CODEDRAGON ㆍDevelopment/Java
Hadoop - install for windows
- 하둡 설치파일 압축해제
- 환경변수 추가하기
- 정상 설치 확인하기
- HDFS configurations
- YARN configurations
- Initialize environment variables
- Format file system 설정
- Start HDFS daemons
- Start YARN daemons
- 설정 파일 다운로드
하둡 설치파일 압축해제
압축 프로그램을 관리자 권한으로 실행합니다.
[Run as administrator]
다운받은 압축파일을 압축해제합니다.
[풀기]
CodeLab 폴더 선택 >> [확인]
환경변수 추가하기
환경변수 새로 만들기
변수 이름 | HADOOP_HOME |
변수 값 | C:\CodeLab\hadoop-3.1.3 |
PATH에 경로 추가하기
변수 이름 | PATH |
변수 값 | %HADOOP_HOME%\bin |
정상 설치 확인하기
hadoop -version
C:\CodeLab>hadoop -version java version "1.8.0_65" Java(TM) SE Runtime Environment (build 1.8.0_65-b17) Java HotSpot(TM) 64-Bit Server VM (build 25.65-b01, mixed mode) C:\CodeLab> |
HDFS configurations
hadoop-env.cmd
hadoop-env.cmd을 오픈합니다.
C:\CodeLab\hadoop-3.1.3\etc\hadoop
4개의 라인을 가장 아래에 추가합니다.
set HADOOP_PREFIX=%HADOOP_HOME% set HADOOP_CONF_DIR=%HADOOP_PREFIX%\etc\hadoop set YARN_CONF_DIR=%HADOOP_CONF_DIR% set PATH=%PATH%;%HADOOP_PREFIX%\bin |
core-site.xml
core-site.xml을 오픈합니다.
C:\CodeLab\hadoop-3.1.3\etc\hadoop
property 태그를 추가해 줍니다.
<configuration> <property> <name>fs.default.name</name> <value>hdfs://0.0.0.0:19000</value> </property> </configuration> |
data 폴더 생성
C:\CodeLab\hadoop-3.1.3 아래에 data 폴더를 생성합니다.
C:\CodeLab\hadoop-3.1.3
C:\CodeLab\hadoop-3.1.3\data안에 "namenode" 폴더와 "datanode" 폴더를 생성합니다.

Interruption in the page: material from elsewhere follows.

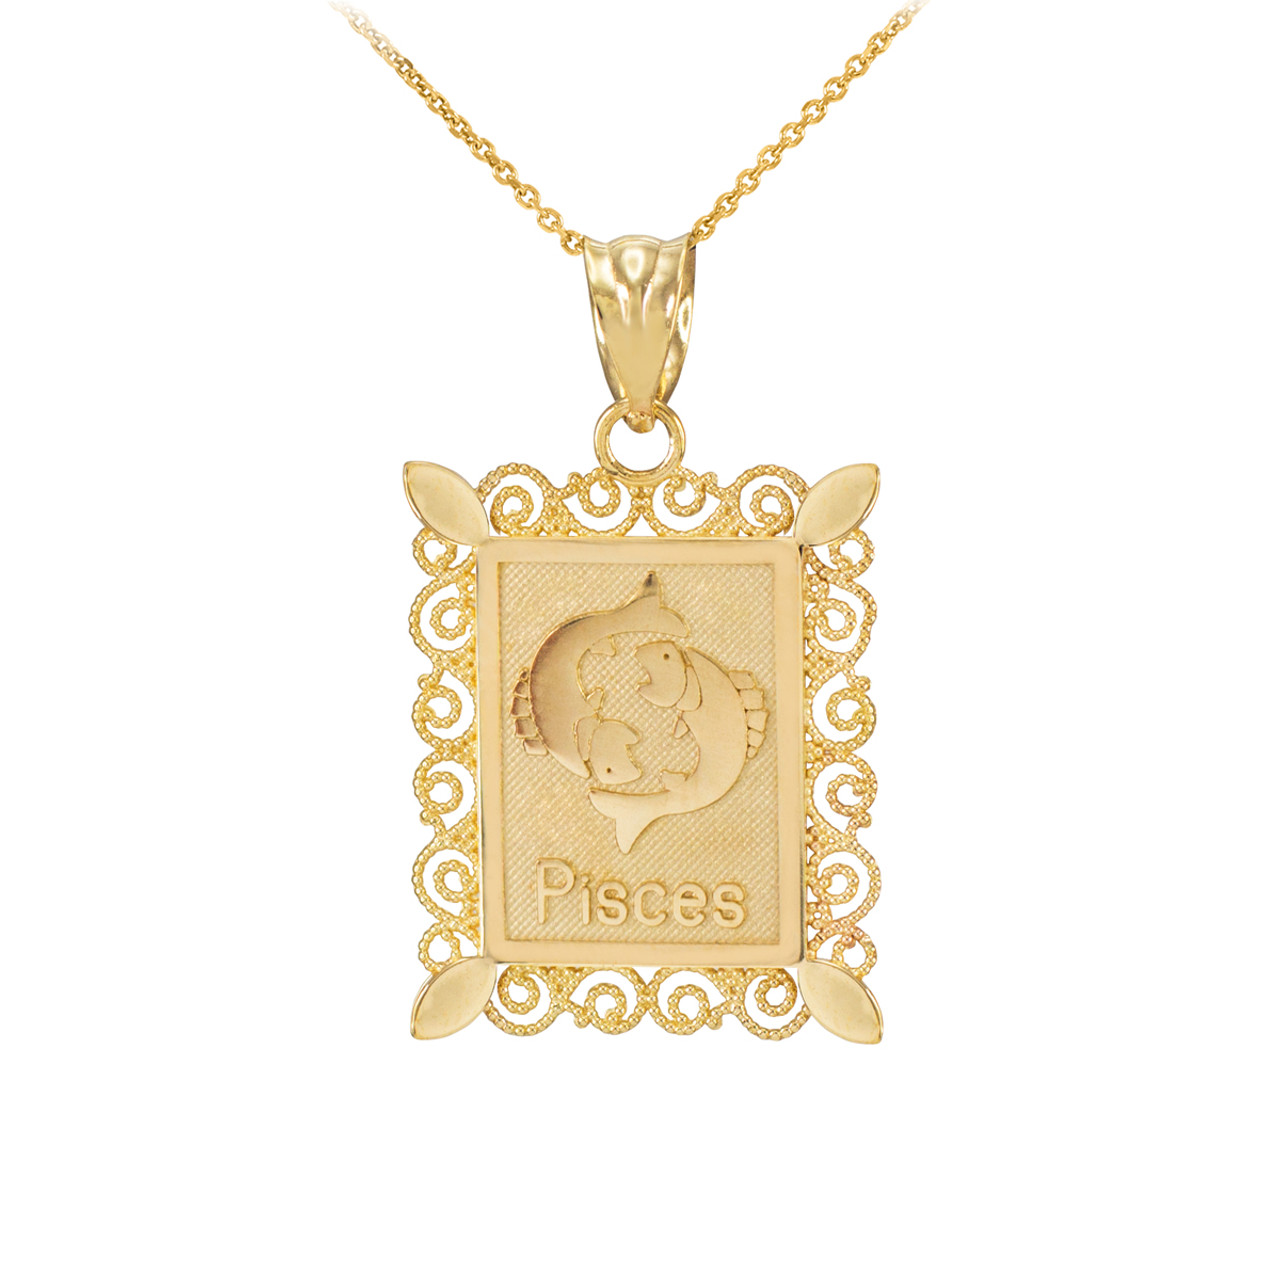 Polished gold rectangular pisces zodiac sign pendant gold pisces zodiac sign filigree square pendant necklace mozeypictures Choice Image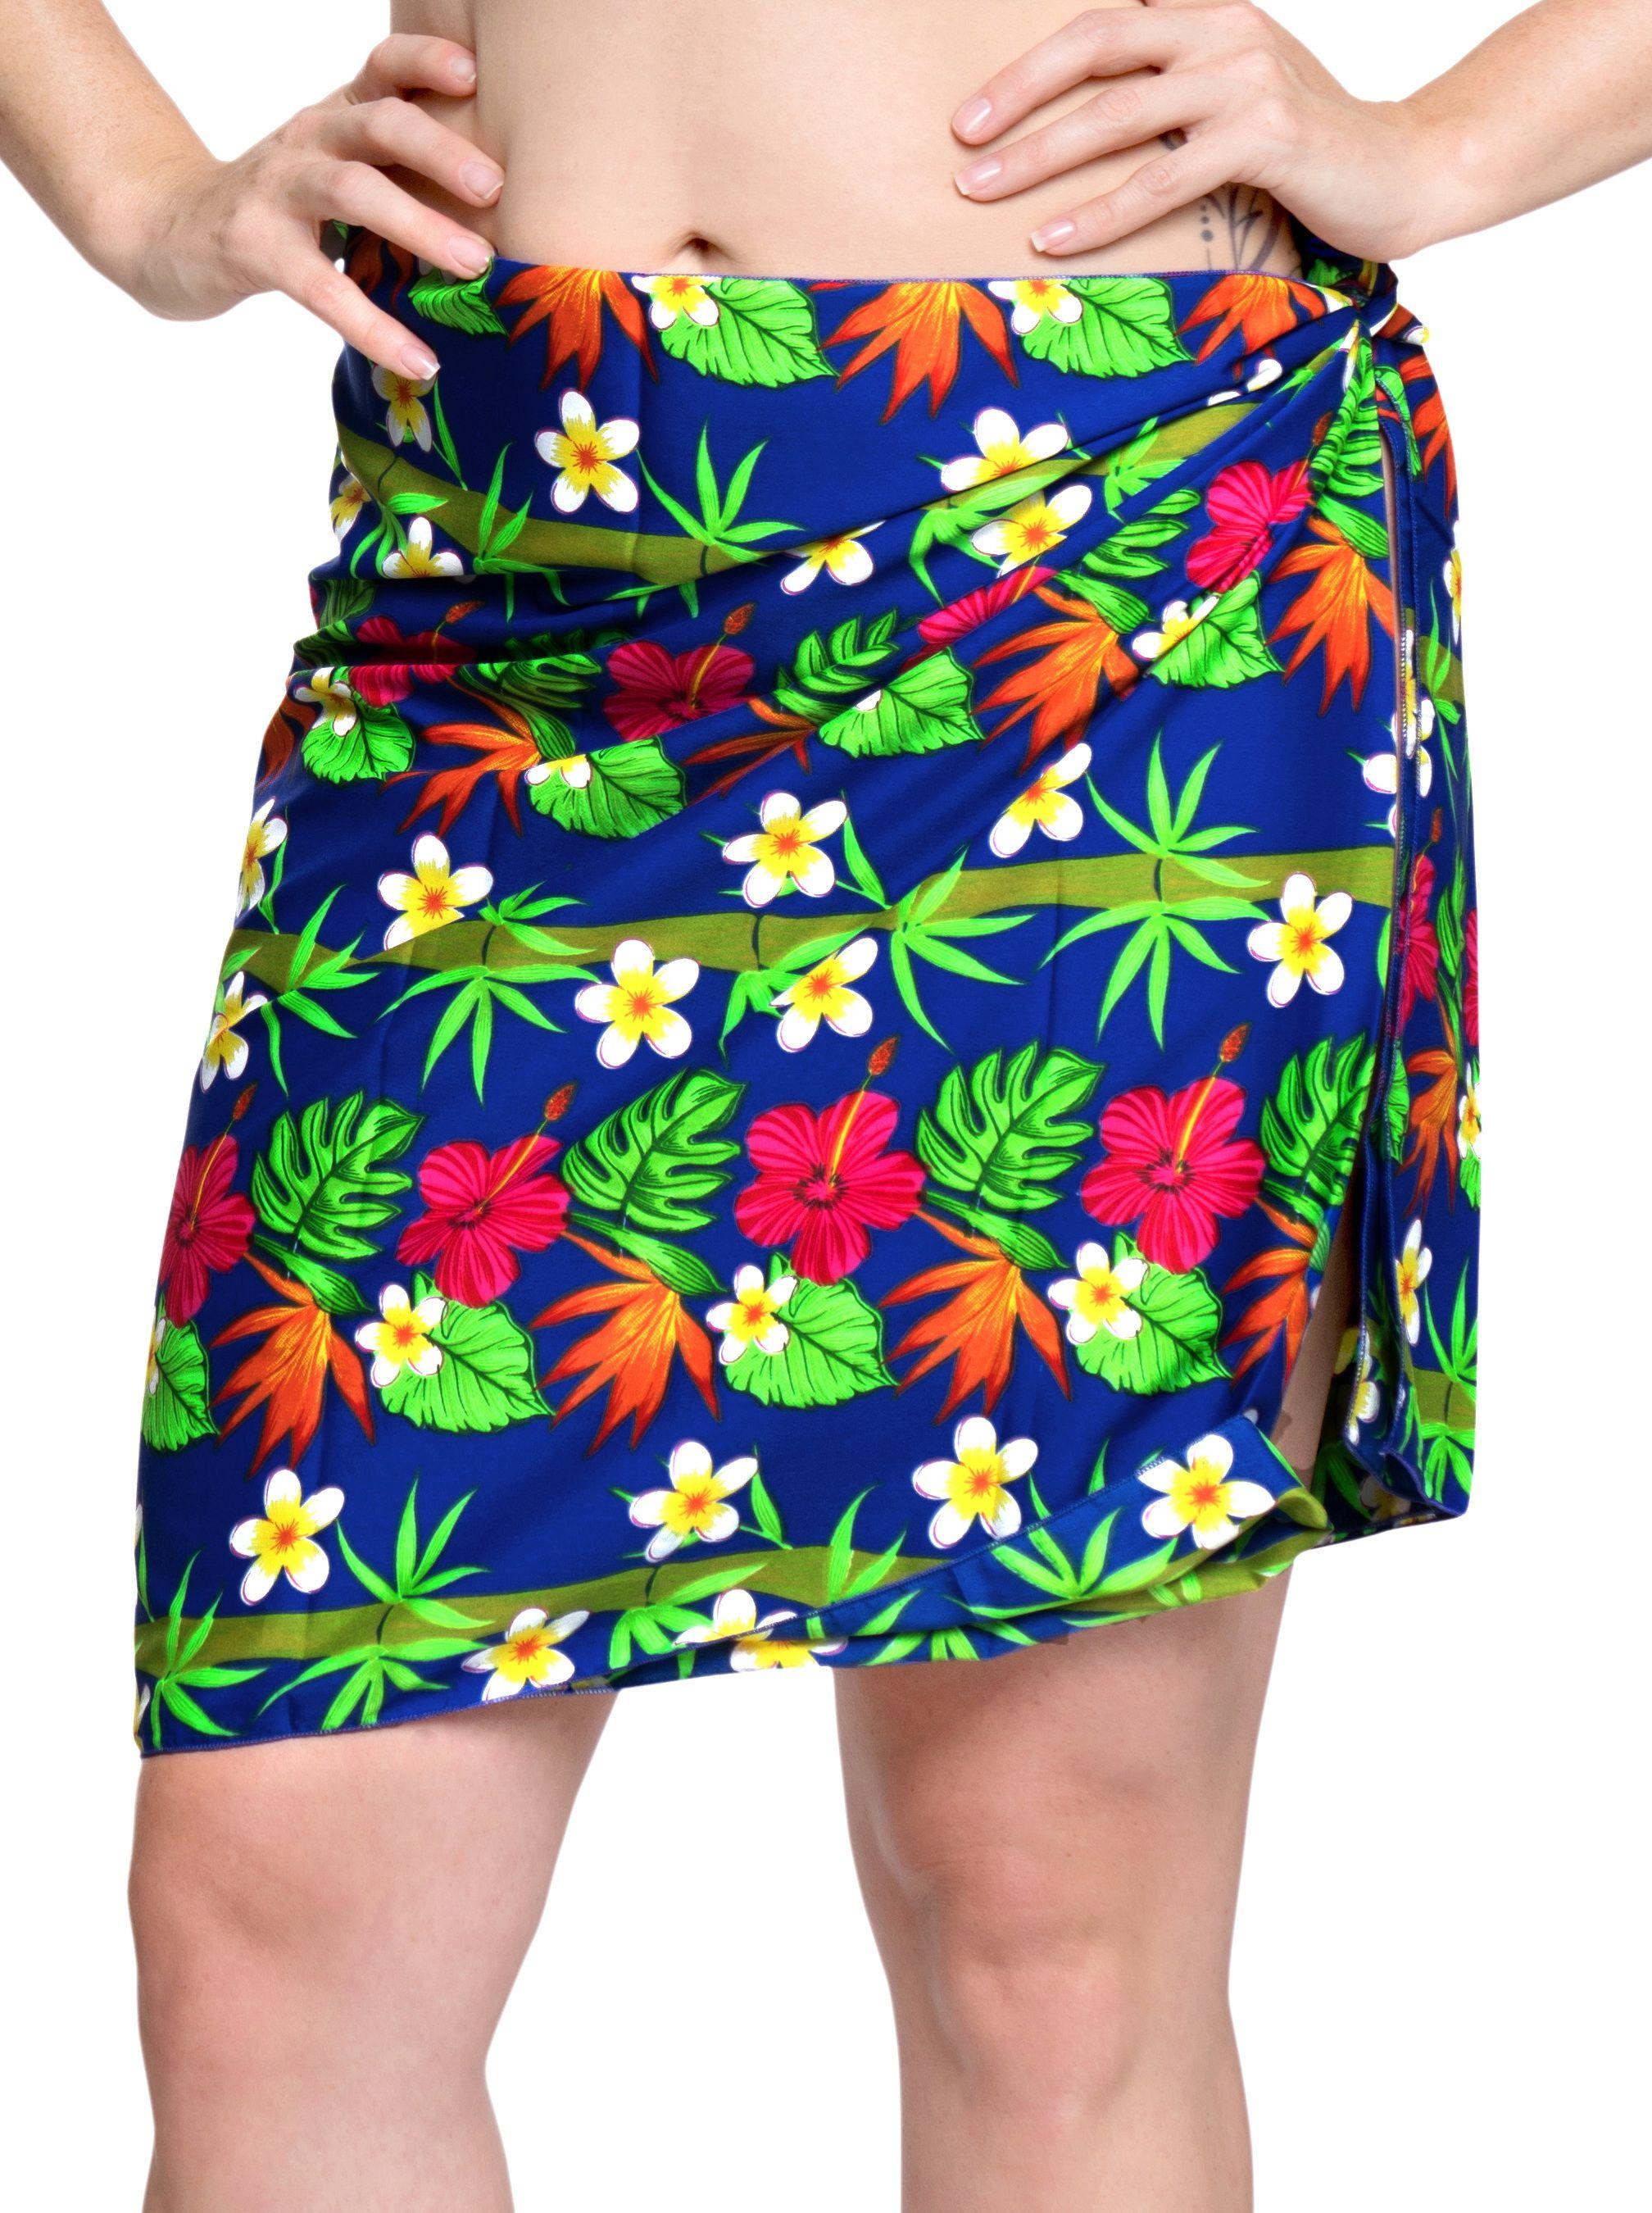 84777001b15c0 Mini/Half Sarong Bikini Cover ups Wrap Aloha Swimsuit Swim Beachwear Dress  Scarf#Cover, #ups, #Wrap

C:\CodeLab\hadoop-3.1.3\data
hdfs-site.xml
hdfs-site.xml을 오픈합니다.
C:\CodeLab\hadoop-3.1.3\etc\hadoop
<configuration> <property> <name>dfs.replication</name> <value>1</value> </property> <property> <name>dfs.name.dir</name> <value>file:///C:/CodeLab/hadoop-3.1.3/data/namenode</value> </property> <property> <name>dfs.data.dir</name> <value>file:///C:/CodeLab/hadoop-3.1.3/data/datanode</value> </property> </configuration> |
namespace, logs and data files 이 저장됩니다.
YARN configurations
mapred-site.xml
mapred-site.xml파일을 오픈합니다.
<configuration> <property> <name>mapreduce.framework.name</name> <value>yarn</value> </property> <property> <name>mapreduce.jobtracker.address</name> <value>local</value> </property> </configuration> |
yarn-site.xml
yarn-site.xml파일을 오픈합니다.
C:\CodeLab\hadoop-3.1.3\etc\hadoop
<configuration> <!-- Site specific YARN configuration properties --> <property> <name>yarn.server.resourcemanager.address</name> <value>0.0.0.0:8020</value> </property> <property> <name>yarn.server.resourcemanager.application.expiry.interval</name> <value>60000</value> </property> <property> <name>yarn.server.nodemanager.address</name> <value>0.0.0.0:45454</value> </property> <property> <name>yarn.nodemanager.aux-services</name> <value>mapreduce_shuffle</value> </property> <property> <name>yarn.nodemanager.aux-services.mapreduce.shuffle.class</name> <value>org.apache.hadoop.mapred.ShuffleHandler</value> </property> <property> <name>yarn.server.nodemanager.remote-app-log-dir</name> <value>/app-logs</value> </property> <property> <name>yarn.nodemanager.log-dirs</name> <value>/dep/logs/userlogs</value> </property> <property> <name>yarn.server.mapreduce-appmanager.attempt-listener.bindAddress</name> <value>0.0.0.0</value> </property> <property> <name>yarn.server.mapreduce-appmanager.client-service.bindAddress</name> <value>0.0.0.0</value> </property> <property> <name>yarn.log-aggregation-enable</name> <value>true</value> </property> <property> <name>yarn.log-aggregation.retain-seconds</name> <value>-1</value> </property> <property> <name>yarn.application.classpath</name> <value>%HADOOP_CONF_DIR%,%HADOOP_COMMON_HOME%/share/hadoop/common/*,%HADOOP_COMMON_HOME%/share/hadoop/common/lib/*,%HADOOP_HDFS_HOME%/share/hadoop/hdfs/*,%HADOOP_HDFS_HOME%/share/hadoop/hdfs/lib/*,%HADOOP_MAPRED_HOME%/share/hadoop/mapreduce/*,%HADOOP_MAPRED_HOME%/share/hadoop/mapreduce/lib/*,%HADOOP_YARN_HOME%/share/hadoop/yarn/*,%HADOOP_YARN_HOME%/share/hadoop/yarn/lib/*</value> </property> </configuration> |
Initialize environment variables
환경변수를 설정해주는 hadoop-env.cmd 파일이 있는 위치로 이동합니다.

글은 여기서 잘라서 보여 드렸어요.